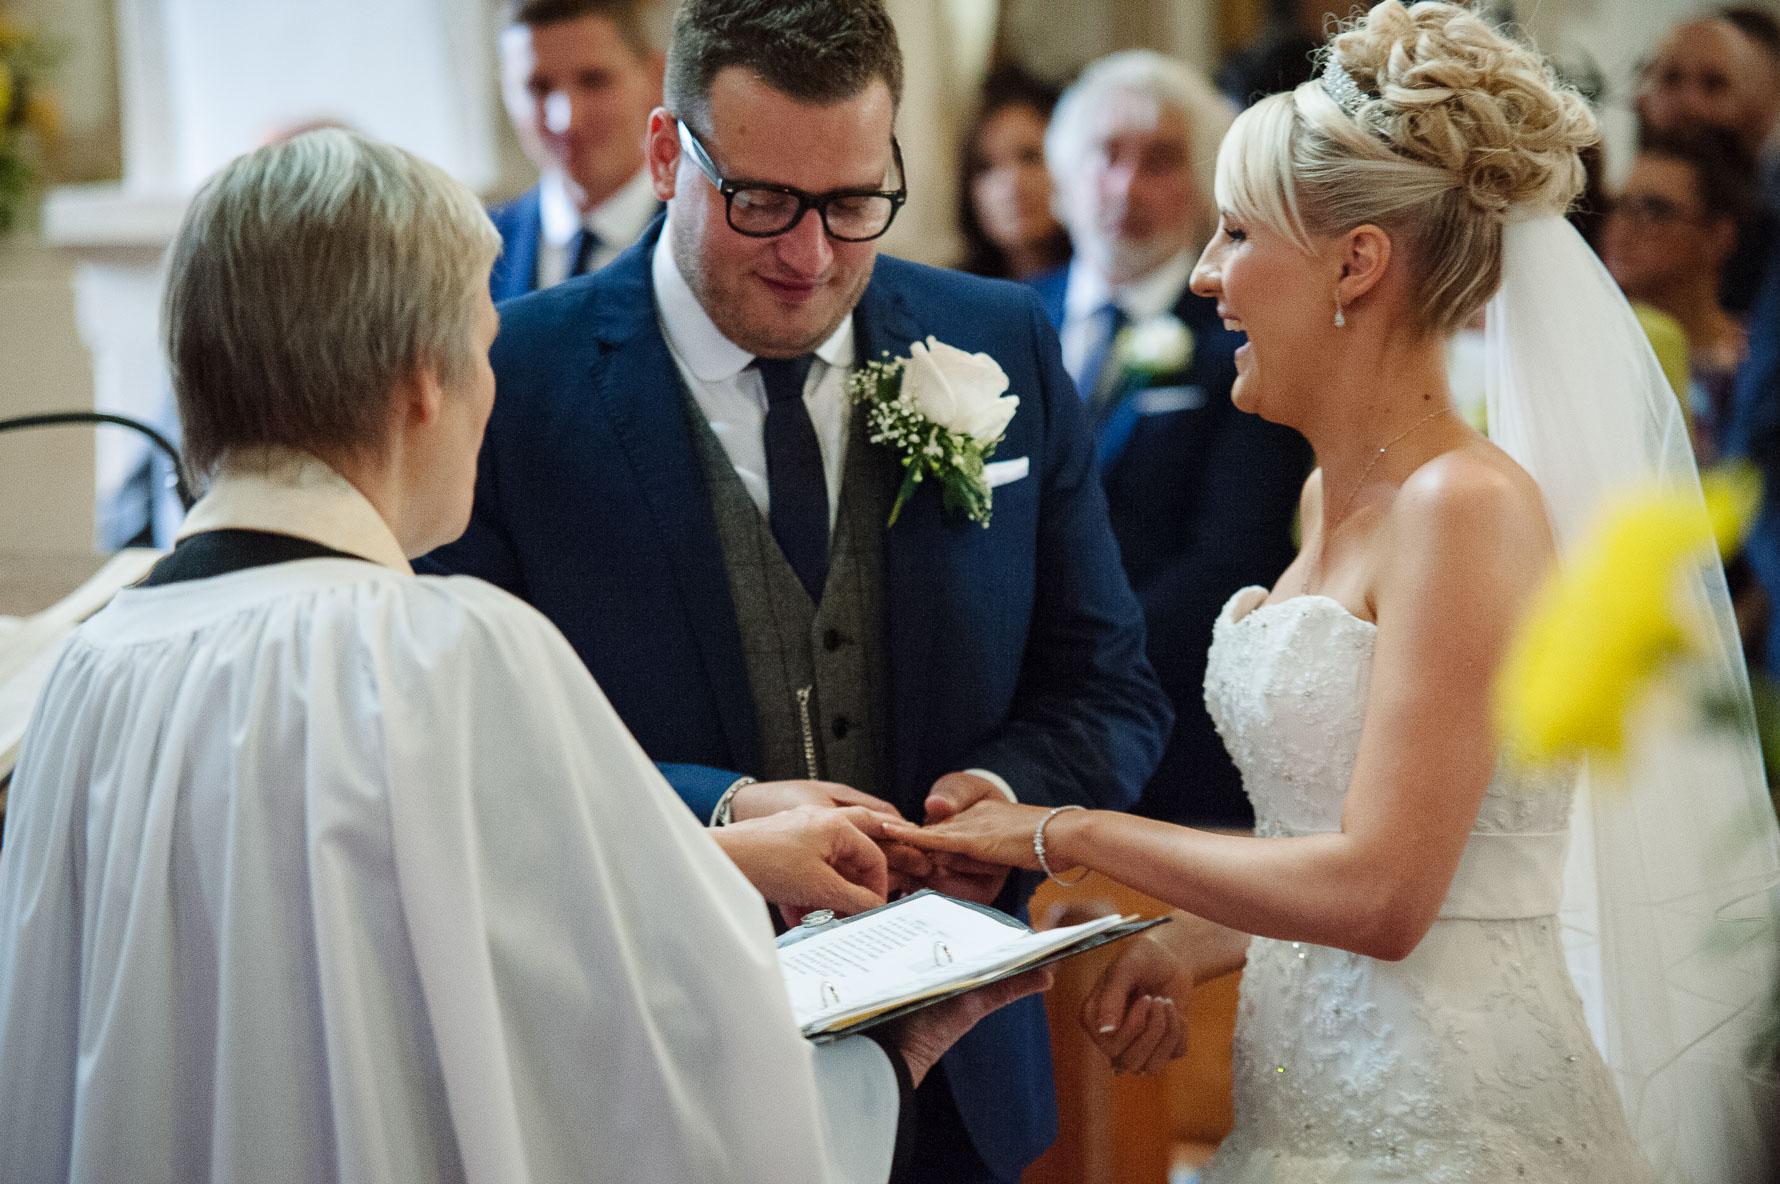 Canterbury Cathedral Lodge Wedding26-20141004 0462
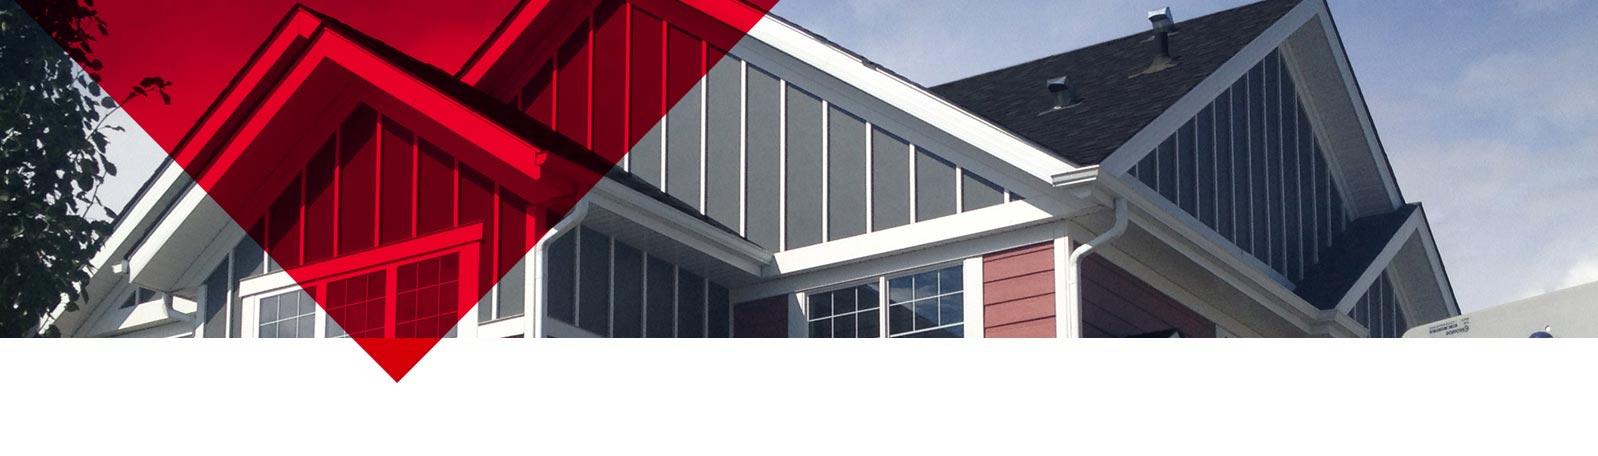 Gutters & Eavestrough Installation & Repair Companies Calgary
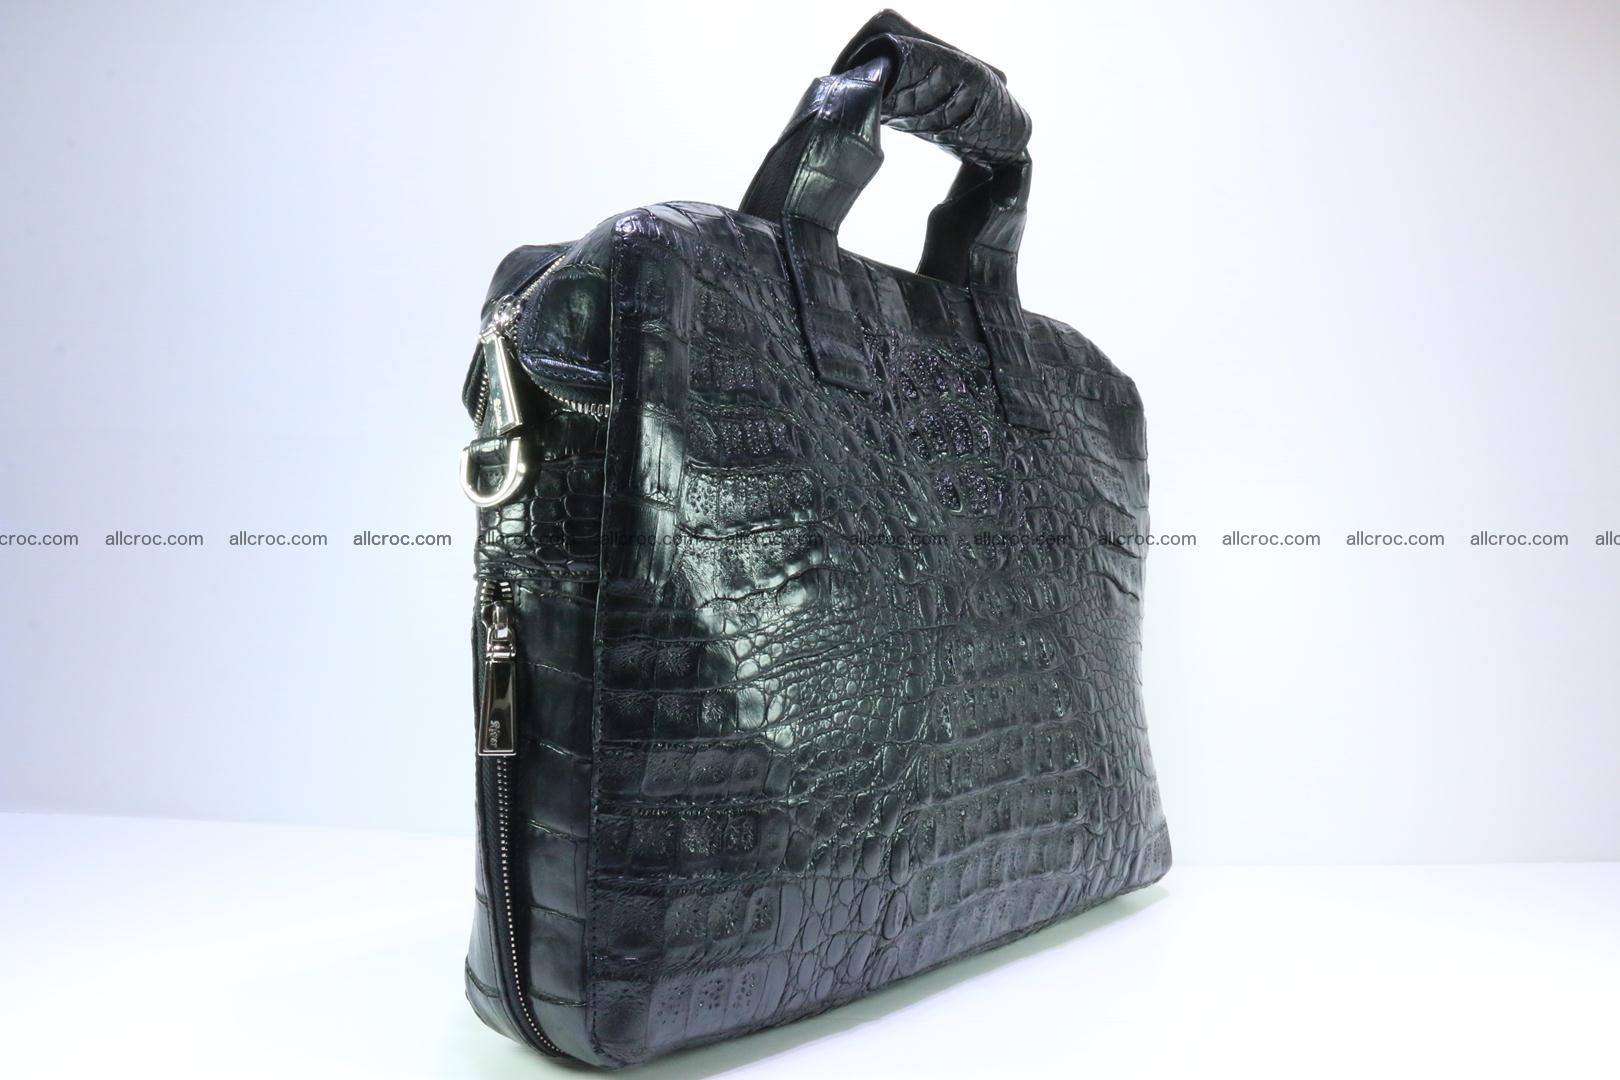 Crocodile skin handbag 127 Foto 2
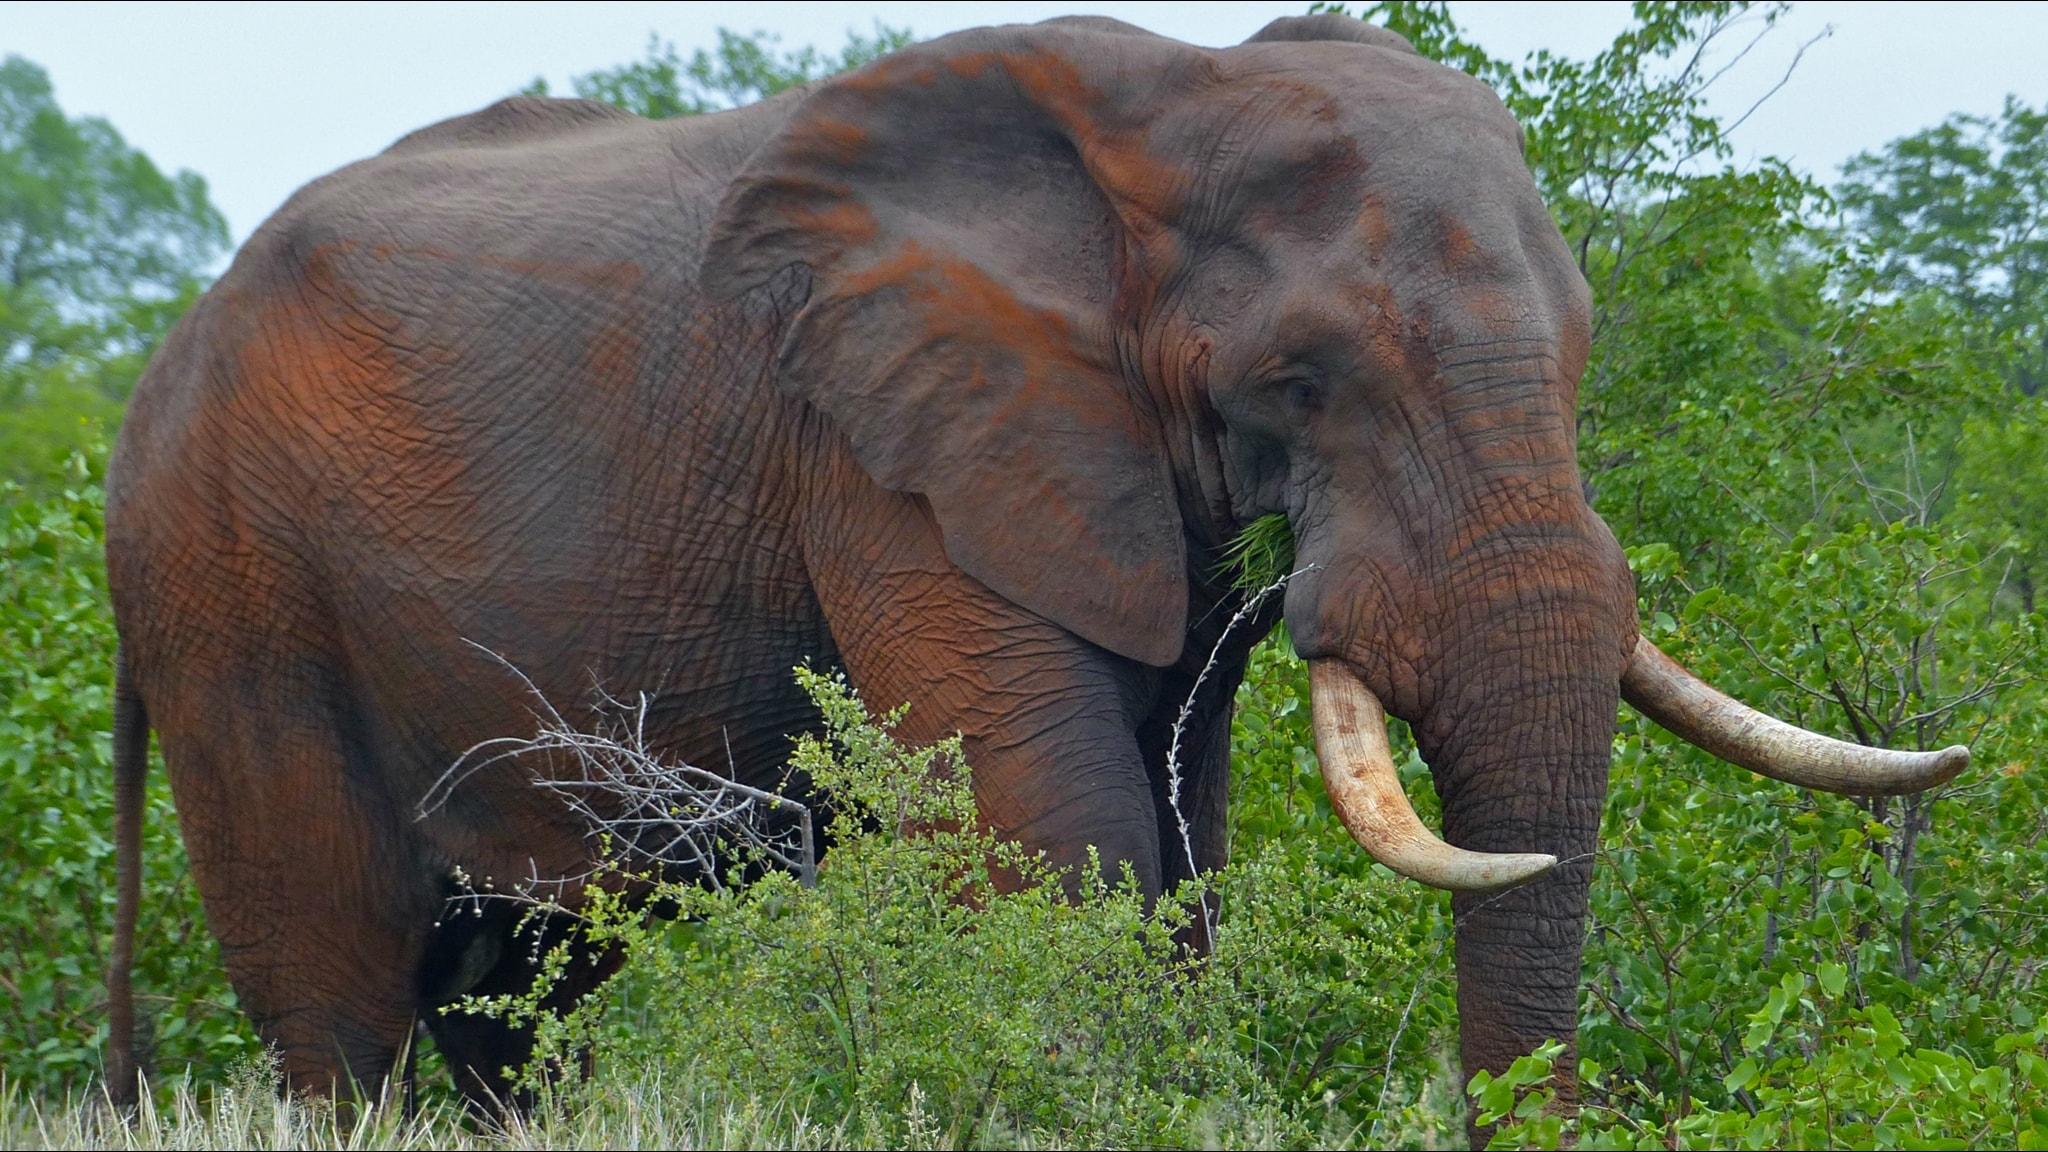 Afrikansk elefanttjur i nationalpark i Sydafrika.

**Task description**
Restate the lines above exactly, from the one bearing "Crocodile skin handbag 127 Foto 2" through the final line of the material, both included, omitting pictures.

**Expected answer**
 Crocodile skin handbag 127 Foto 2
 Afrikansk elefanttjur i nationalpark i Sydafrika.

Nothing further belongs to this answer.